Howdy, Stranger!

It looks like you're new here. If you want to get involved, click one of these buttons!


How to scale when database gets huge?
New on LowEndTalk? Please Register and read our Community Rules.

All new Registrations are manually reviewed and approved, so a short delay after registration may occur before your account becomes active.

How to scale when database gets huge?

sandrosandro Member
edited January 2013 in General

I'm creating a project that could get a lot of users very quickly and I wanted to know what is the suggested approach I should consider from the start.

I'm developing it with a PHP framework and MYSQL both optimized as far as my knowledge allows :P I basically want to start small...I mean running on a simple VPS and scale to better hardware as needed but in the end I was thinking that one database's table could be become a real problem. Basically there will be a table that stores activities every user could do 100 times per day (I'm not going into details) so considering that in the future I would have, say, 10k users doing that every day I would get to a point of millions of new data per day (even if it just stores 2-3 numbers). And this table even if it's not queried to retrieve data at every visit but only only to INSERT I would need to read it and manipulate data...and what happens with 1 trillion rows? I'm not an expert but I'm pretty sure that having those numbers in a table cannot be good especially if it grows everyday non-stop.

SO my questions are:

-is there another database method I should start with? Something in front of MYSQL made for large tables? If any!
-how do big web sites handle these things? They store "part" of the rows on multiple servers?
-is it OK to use the simple BIGINT (primary key) for this table considering that is not unlimited? I read that using varchars as primary key slows down the database significantly.
-could services like AWS do this for me transparently?

Thank you.

«13

Comments

  • They use replication and sharding. As in you'll have to build clusters of them.
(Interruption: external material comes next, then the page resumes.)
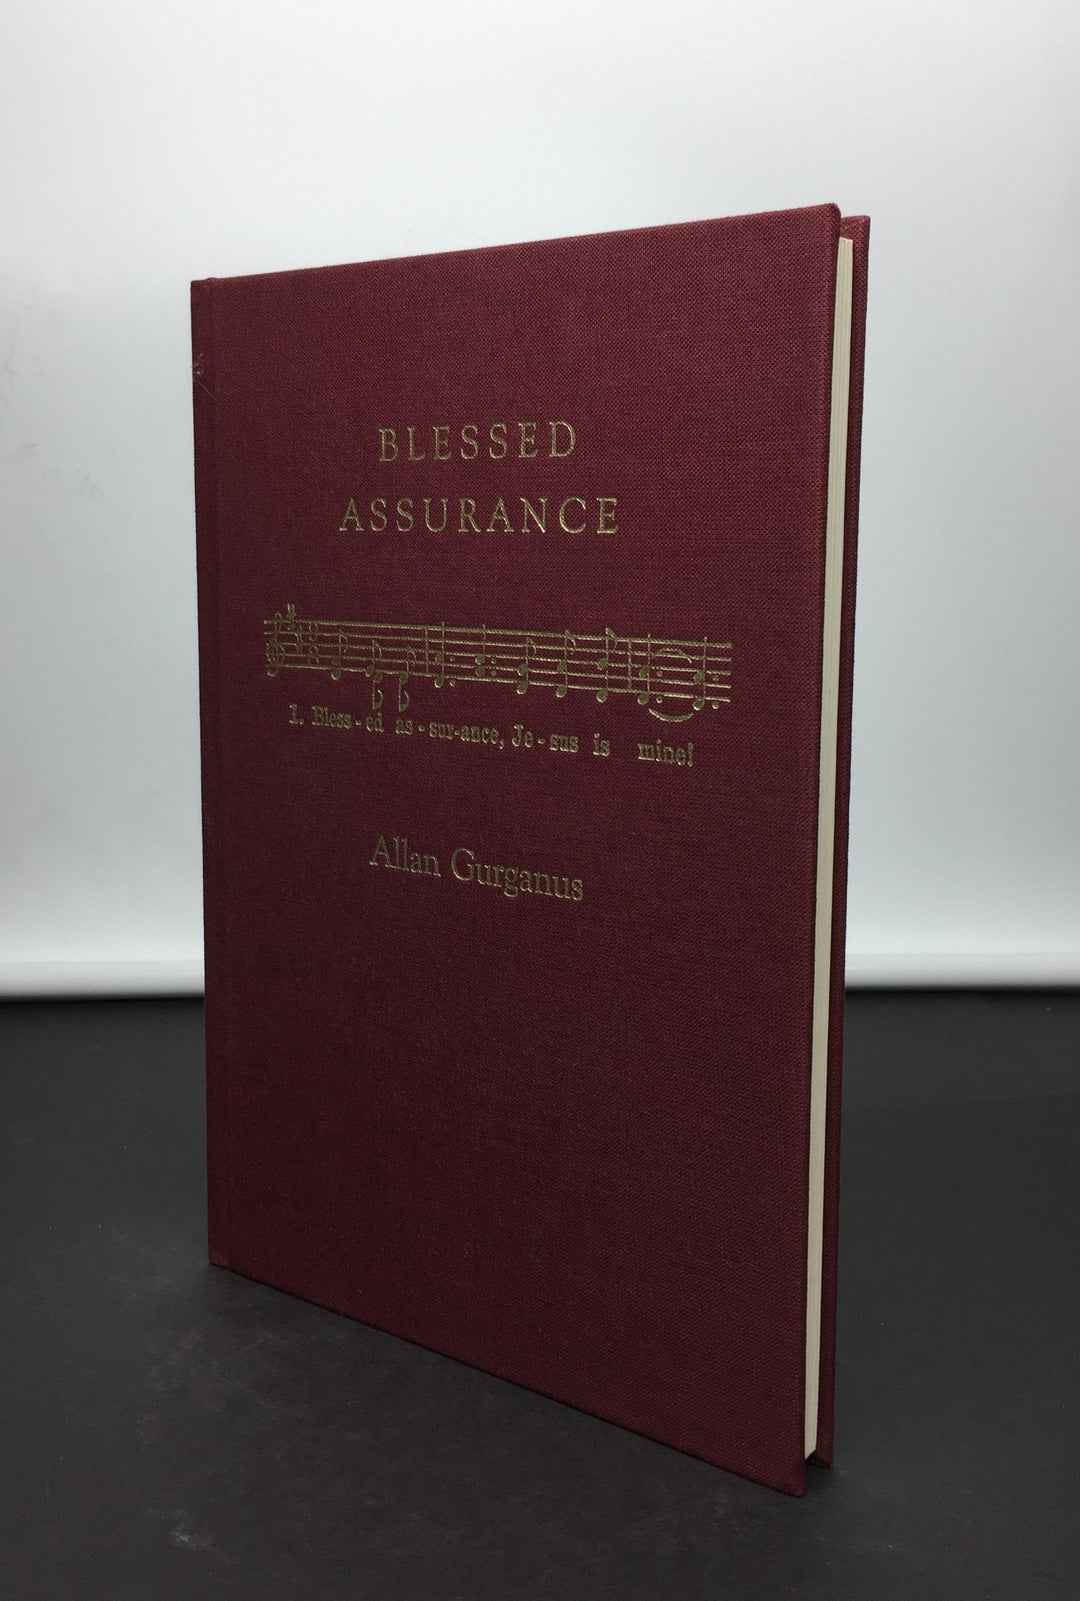 Gurganus, Allan - Blessed Assurance - SIGNED | back cover

  • This is some interesting topic - but please note, something like that must always specified to a project, since there is no bulletproof-solution, which you can use everywhere.

    -is there another database method I should start with? Something in front of MYSQL made for large tables? If any!

    Theoretically there is Cassandra, Hadoop and some others, but at least cassandra was designed to run at hundret Nodes :)
    I'm sure for your project some shardening and clever replication would help a lot

    -how do big web sites handle these things? They store "part" of the rows on multiple servers?

    See my previous answer :)
    But, some years ago I was also like that and even wanted to use Cassandra for small projects (since they could get a lot of users, but they never have) - but, all this is sooo much work - just concentrate on your app (Does not make sense to specialized on scaling, but the app hasn't much functions, etc), and when the time comes, where scaling is necessary, there are ways how to do it.

    -could services like AWS do this for me transparently?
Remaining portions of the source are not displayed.